Everything's Eventual
- Author: Stephen King
- Language: English
- Series: Fantasy
- Published in: Magazine of Fantasy & Science Fiction
- Publisher: Mercury Press
- Publication date: 1997
- Publication place: United States
- Media type: Periodical

= Everything's Eventual (novella) =

Novella by Stephen King

Everything's Eventual is a fantasy novella by American writer Stephen King. It was originally published in the October/November 1997 issue of The Magazine of Fantasy & Science Fiction. In 2000, it was included in the game Stephen King's F13, and in 2002, in King's collection of the same name.

==Plot summary==
Richard "Dinky" Earnshaw, a 19-year-old high school dropout, explains that he has got a good job where he gets his own house, car, and virtually anything he asks for — including CDs which have not been released yet. He also receives a small weekly cash allowance, provided he does not look for the people who drop it through his mail slot and that he gets rid of any money left over at the end of the week; he dumps his excess change into the gutter by his house and he puts his bills in the garbage disposal.

It is revealed that Dinky has the ability to mentally influence people by drawing complicated designs or pictures, in a way which he does not completely understand. This is illustrated when he recalls that, as a child, when a dog tormented him on his way home from school, he (semi-knowingly) drove it to suicide. At Dinky's previous job at a grocery store, he was forced to endure humiliating treatment by another employee named Skipper, until the day Dinky used his power to make Skipper kill himself.

Dinky is discovered by a man named Mr. Sharpton, who claims to work for the Trans Corporation, an organization that searches across the world for people with such talents. Dinky is recruited to kill very specific targets by e-mailing them his designs that he creates on an Apple computer. He is, in return, given a life that seems ideal, complete with a house and other benefits. Mr. Sharpton tells Dinky that the people he is ordered to kill are wicked, horrible criminals, and the world is better off without them.

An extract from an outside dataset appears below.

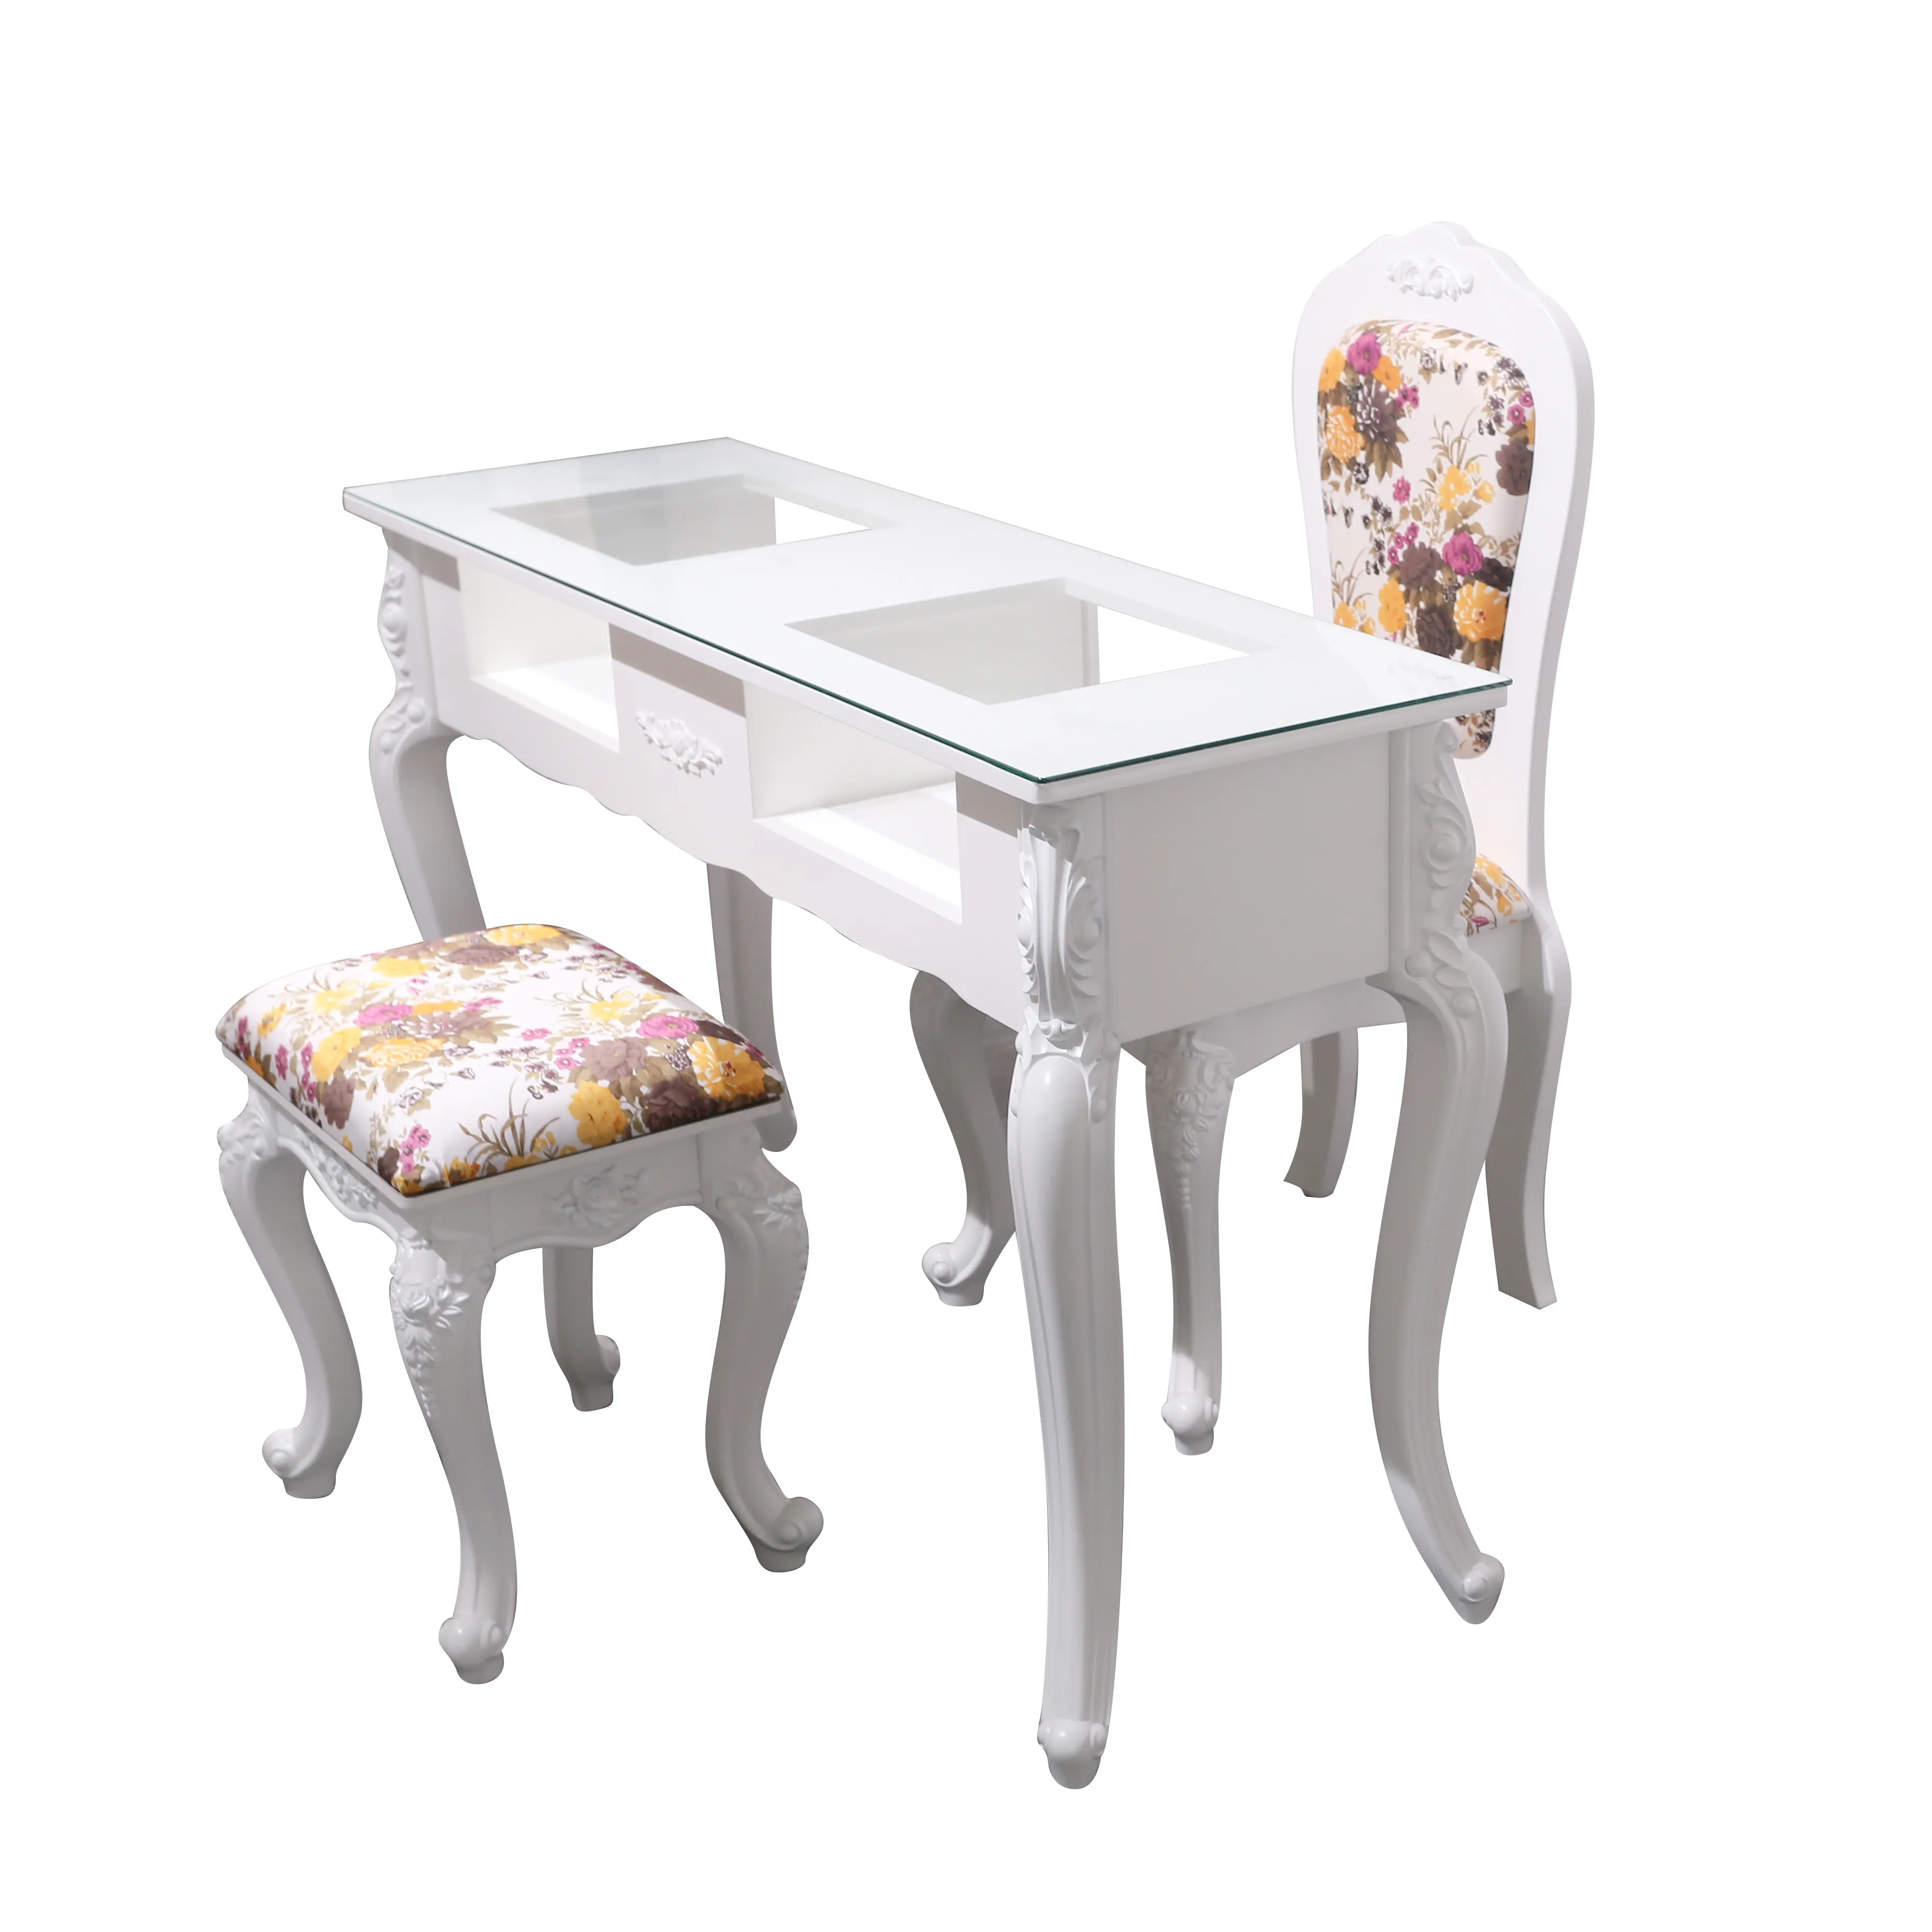 유럽식 품질 흰색 매니큐어 테이블 살롱 가구 매니큐어 의자 세트 네일 테이블 판매

For a time, Dinky lives his new life in a semi-mindless bliss. However, when he finds an article in the newspaper about one of the individuals whom he has killed (a seemingly innocent old newspaper columnist) he begins to feel guilty for what he has done. After researching more into his other victims, Dinky realizes that the organization has been using him to assassinate political dissidents and alternative thinkers. As the story ends, Dinky plans his escape, but not before sending one final email to Mr. Sharpton, his recruiter, with an undistinguished symbol attached.

==Inspiration==
King states in the foreword for this short story that the idea came from a dream about a person pouring change into the storm drain.

Dinky is a "Breaker", like Ted Brautigan in the novella "Low Men in Yellow Coats", which connects Dinky's story to The Dark Tower universe. They appeared together as minor characters in the final novel of The Dark Tower series.

==Adaptations==
In 2009, director and producer J. P. Scott made the first full-length Dollar Baby film based on the novella.